Your instructions: The response should consist only of the lines from the one with "Dianoche Microfiber Duvet" to the end of the data below, copied exactly and without pictures.

─── Data excerpt ───

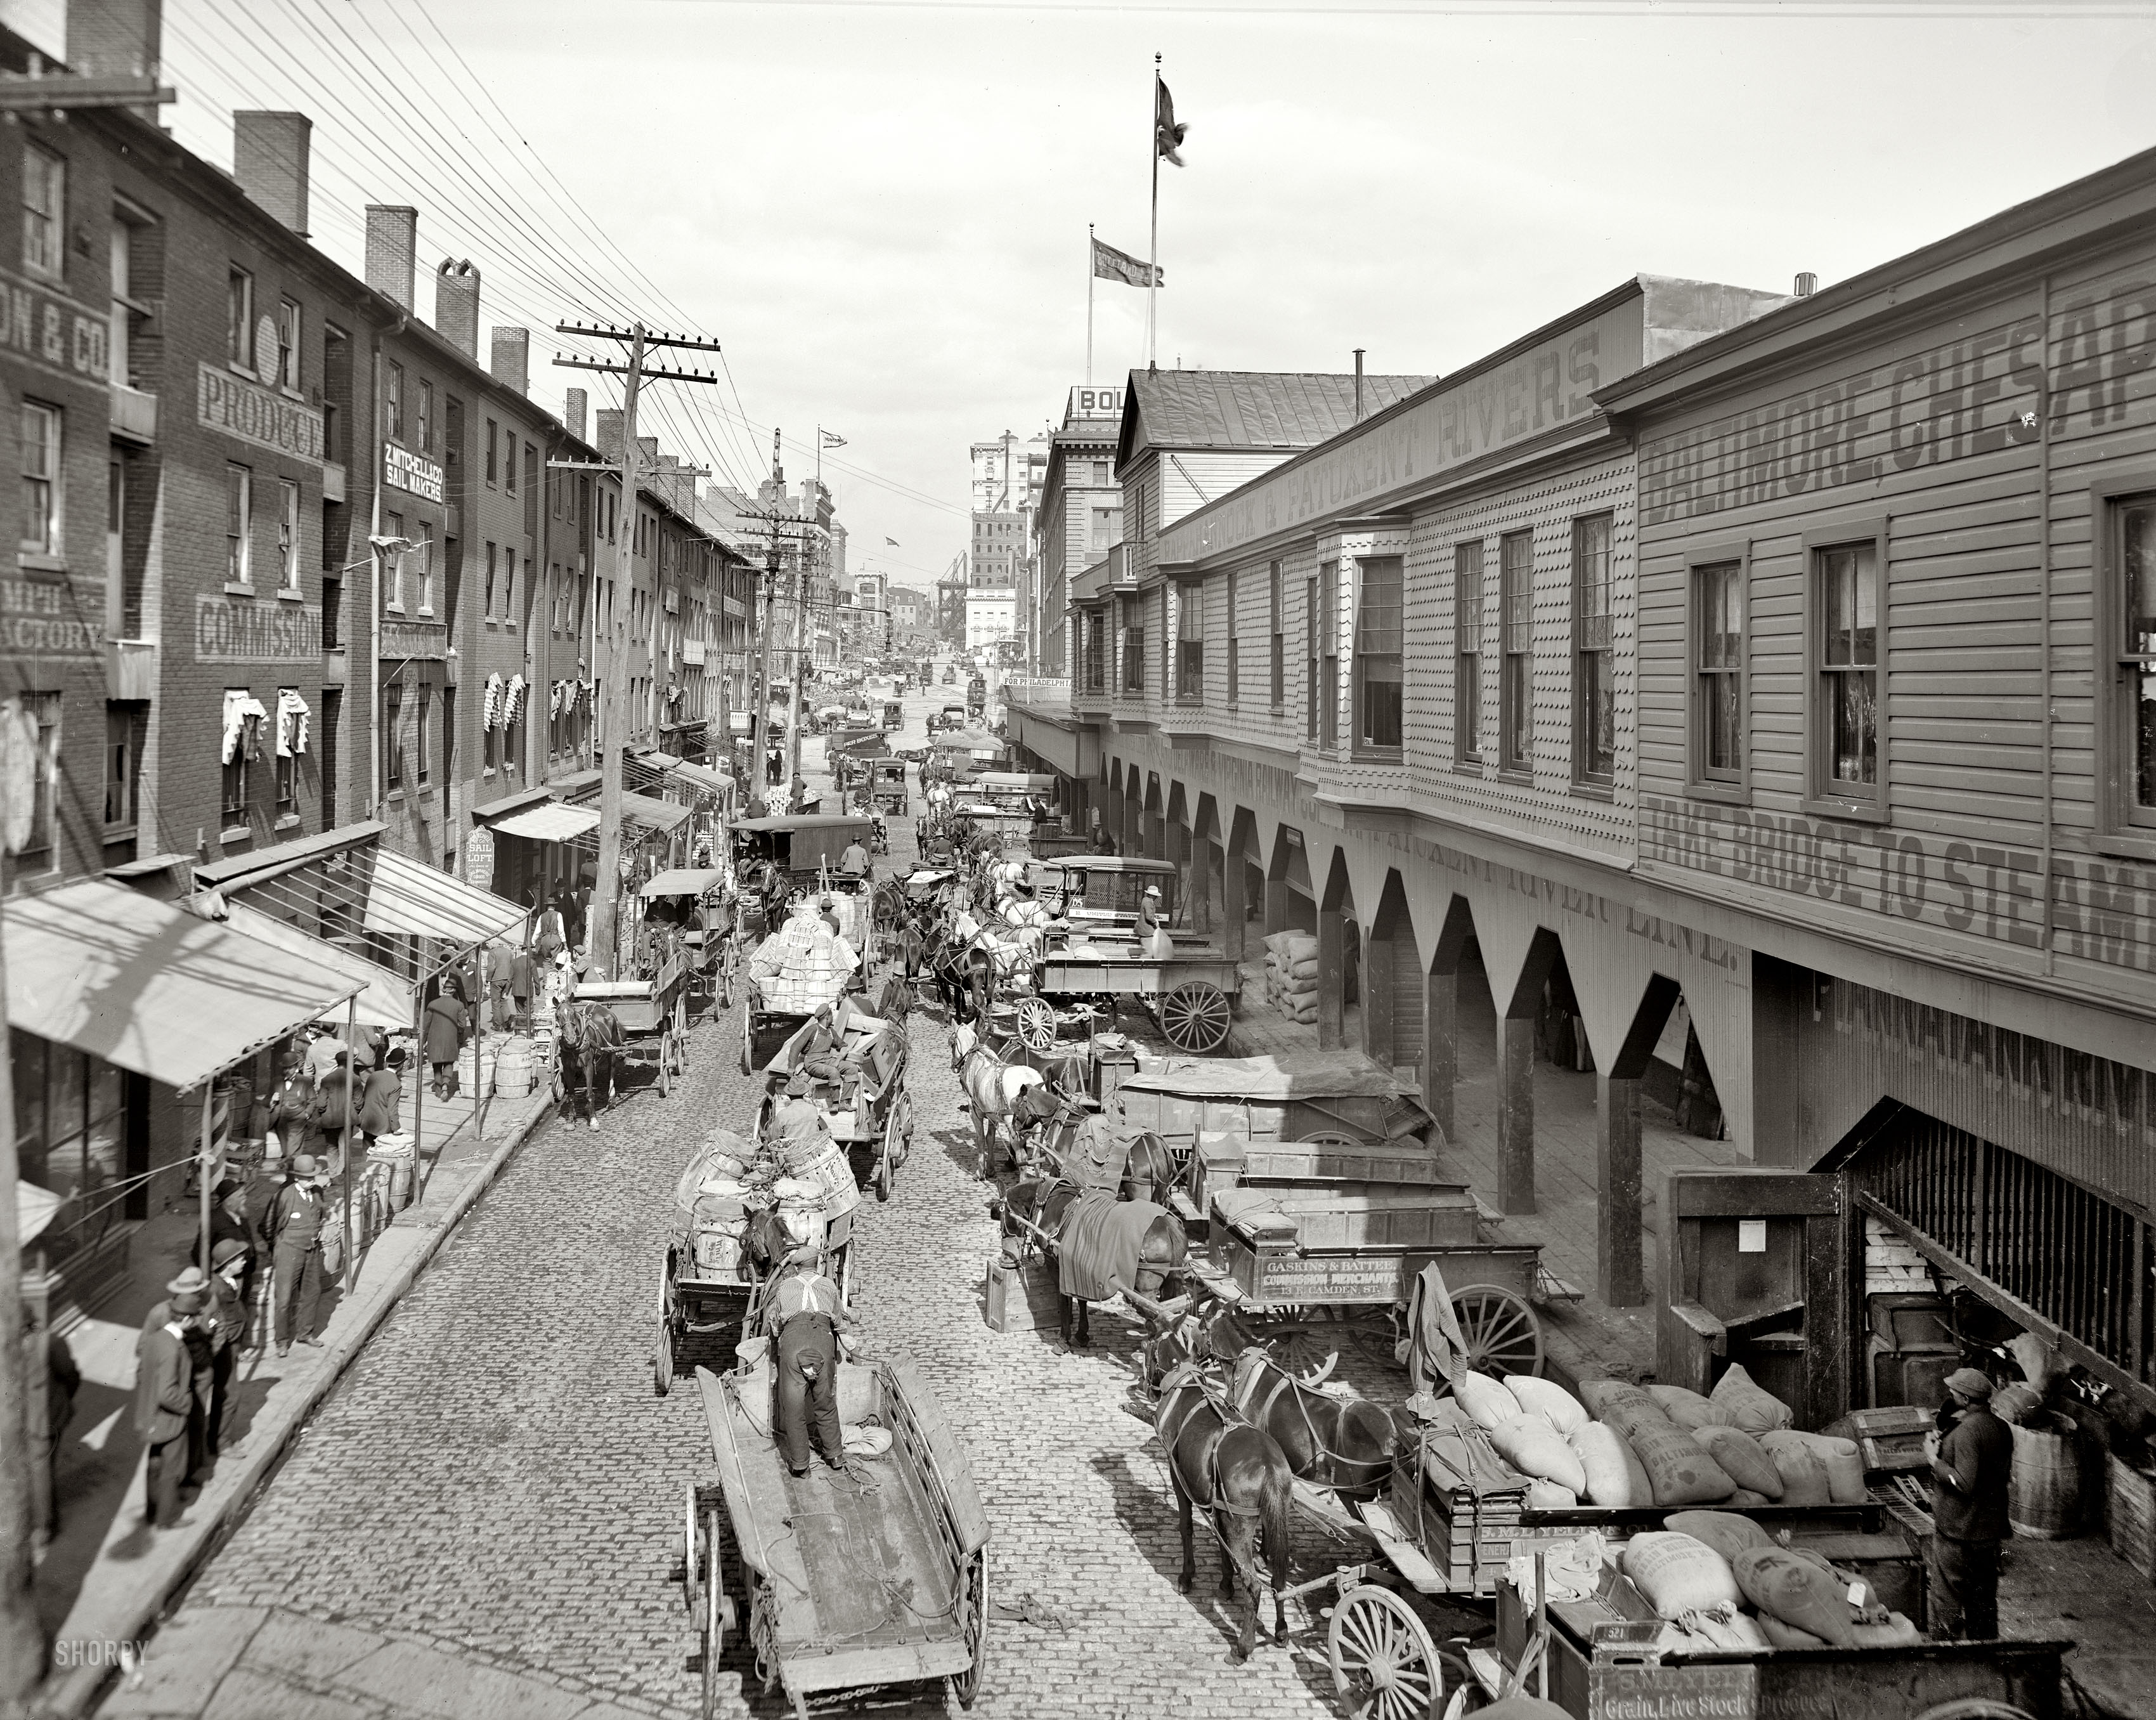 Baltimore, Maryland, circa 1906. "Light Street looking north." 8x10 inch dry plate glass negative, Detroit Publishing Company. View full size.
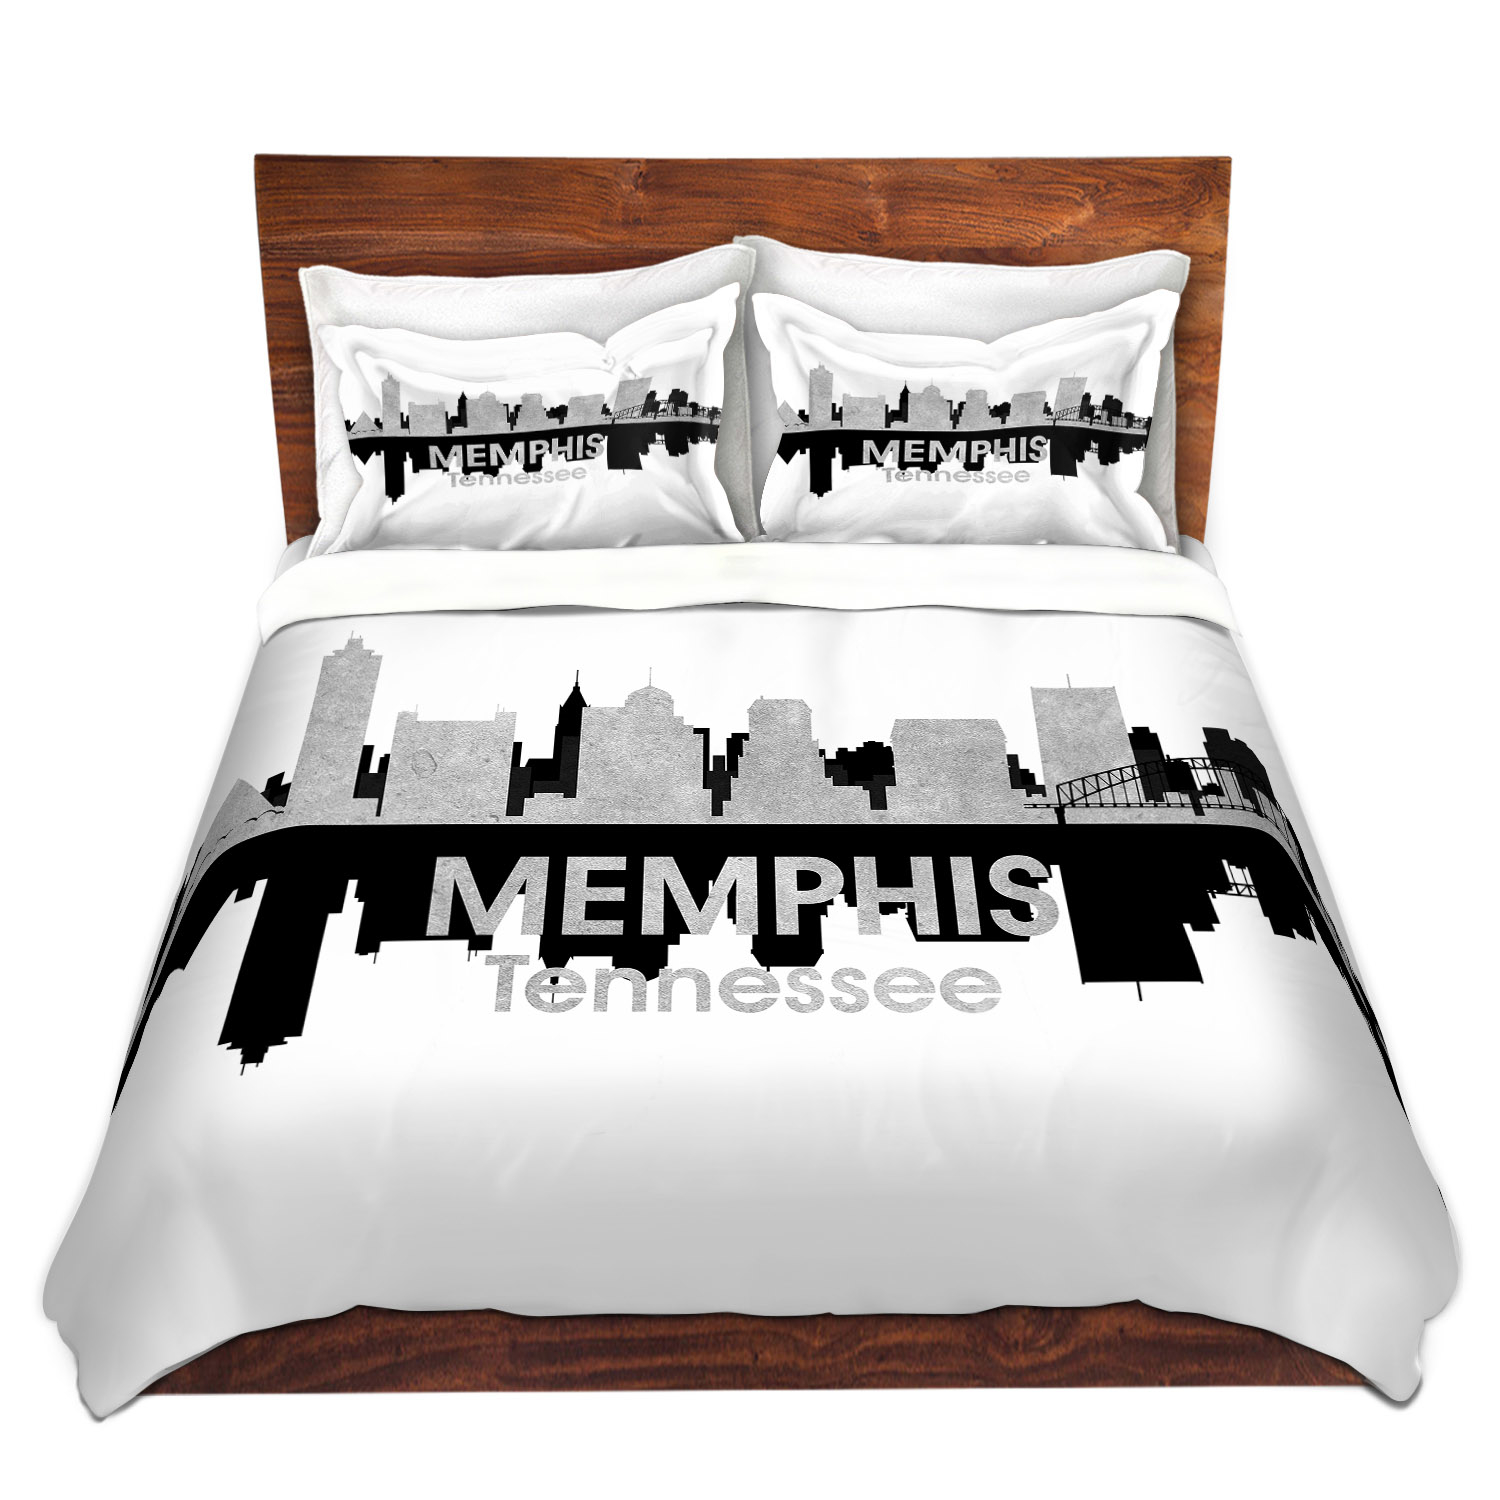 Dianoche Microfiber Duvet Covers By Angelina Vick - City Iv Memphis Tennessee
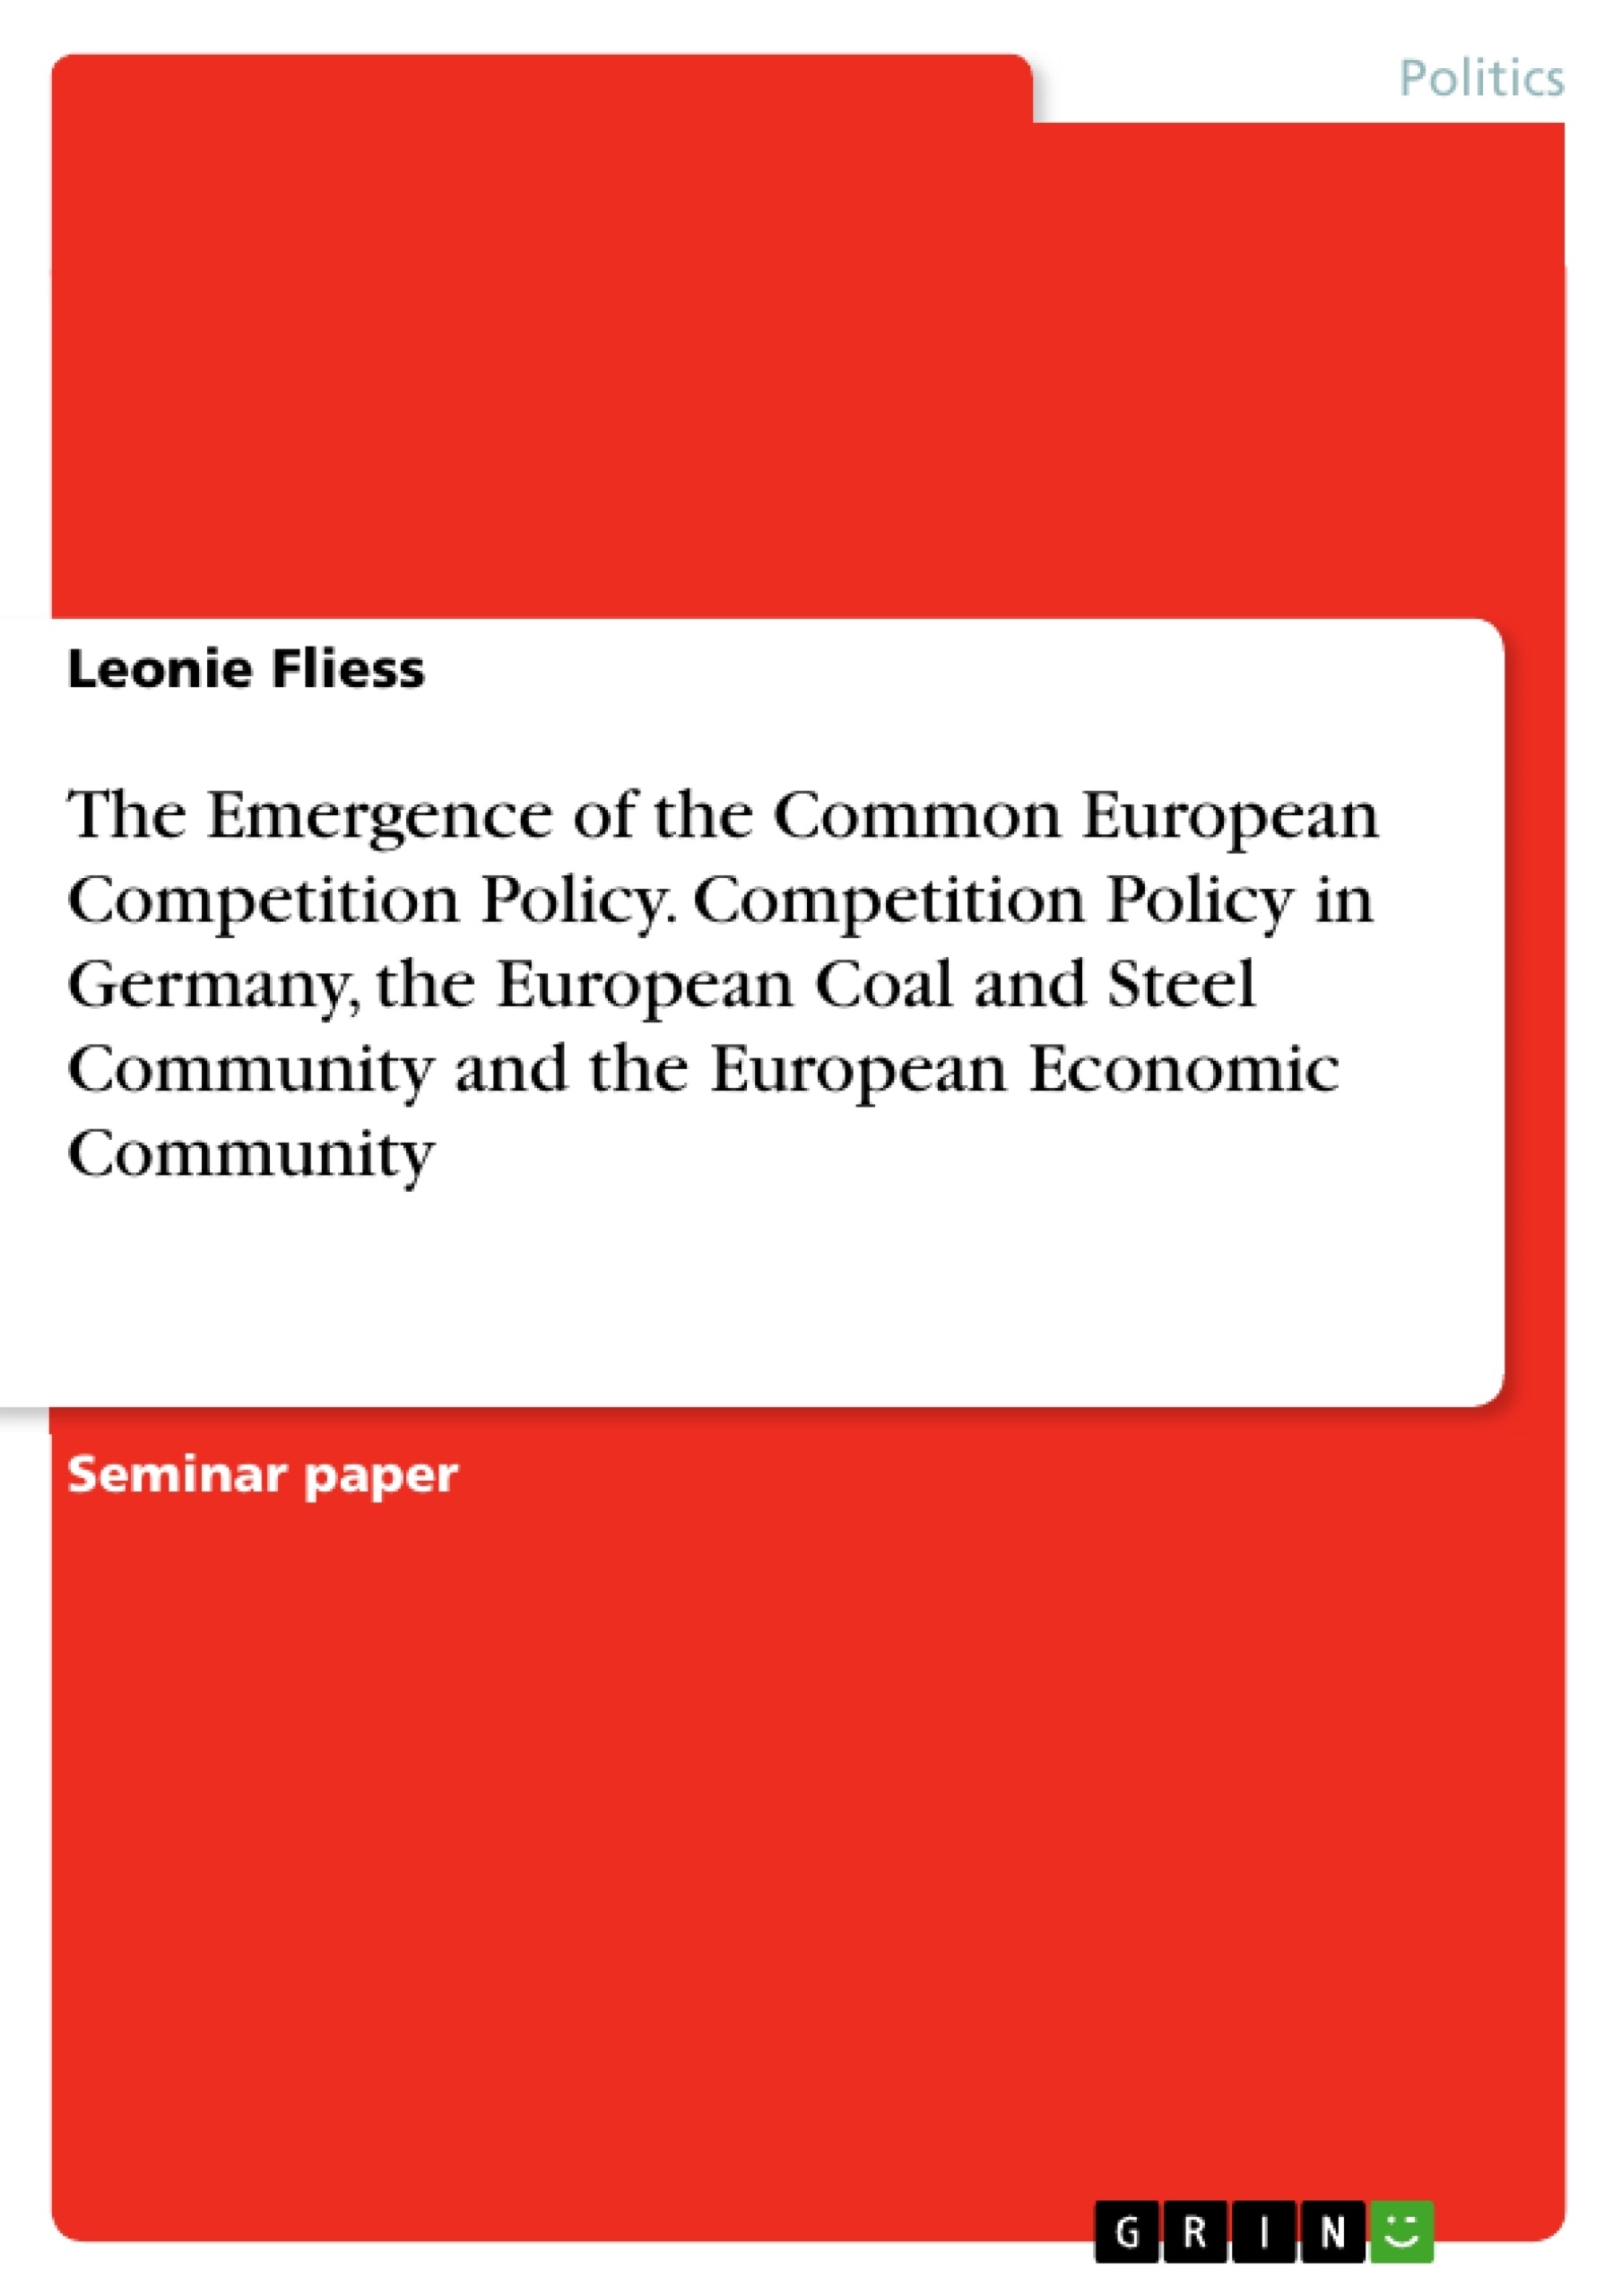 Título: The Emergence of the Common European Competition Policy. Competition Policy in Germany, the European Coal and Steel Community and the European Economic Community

───

Exercise answer:
 Dianoche Microfiber Duvet Covers By Angelina Vick - City Iv Memphis Tennessee
 Título: The Emergence of the Common European Competition Policy. Competition Policy in Germany, the European Coal and Steel Community and the European Economic Community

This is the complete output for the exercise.